This month, MLO is delighted to introduce to its International Corner Lucy Maryogo-Robinson, the director of global health at the Association of Public Health Laboratories (APHL). The association provides strategic planning, training, infrastructure development, and other related services to support development of integrated laboratory systems in 20 countries worldwide. Maryogo-Robinson answers several questions about APHL global activities that are sure to enlighten readers.
MLO : As the national association representing laboratories and laboratory leaders in public health, what are APHL's global interests? What prompted this interest, and when did it begin? Is APHL planning to open overseas offices?

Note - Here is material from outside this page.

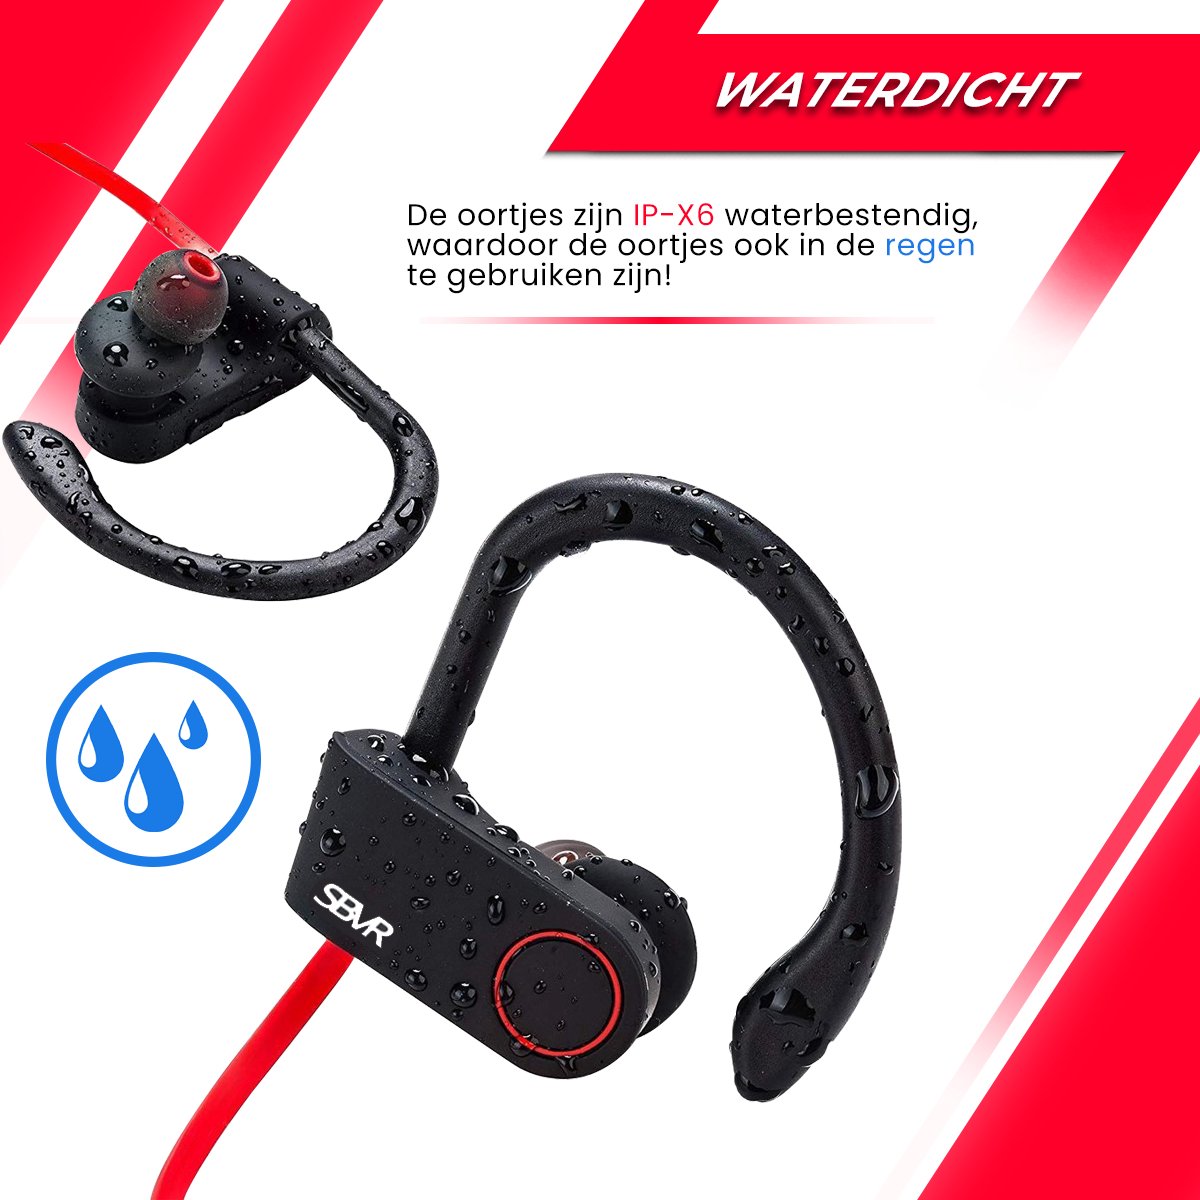 SBVR SV2 - Sport Oordopjes - Hardlopen - IPX6 Waterproof - Bluetooth 5.0 -  Zwart | bol.com

Lucy Maryogo-Robinson: APHL's Global Health Program provides customized technical assistance to strengthen national laboratory systems for health promotion. We provide support to in-country health officials and laboratorians in resource-constrained nations to help them achieve their own goals. Usually, this means building up the physical and human laboratory infrastructure so that it is eventually self-sustaining, and we are no longer needed. While HIV/AIDS testing has been a big focus for us, we try to transfer knowledge and institute quality systems that will carry over to all the work of the laboratory.
APHL's interest in global laboratory capacity building began more than 10 years ago. The association responded to a request from the U.S. Centers for Disease Control and Prevention (CDC) to help improve capacity for HIV testing in India. Our next big project was to help reconstruct the laboratory systems in the Caribbean nations devastated by hurricanes Mitch and Georges in 1998. In addition to laboratory renovations, though, APHL consultants helped to instill the concept of public-health laboratory practice in countries like Haiti that had only a quasi-public-health lab. When the project ended in 2002, the laboratory leaders in the region established their own public-health laboratory association. We could not have been happier.
At this moment, APHL has one overseas office in Mozambique, which is the base of operations for two full-time consultants. We also have full-time consultants working in Lesotho and Haiti — but without separate brick-and-mortar APHL facilities We would like to establish offices, at least regionally, so we can readily provide technical assistance on an “as needed” basis. It is challenging to do that from the United States when most of our clients are in Africa.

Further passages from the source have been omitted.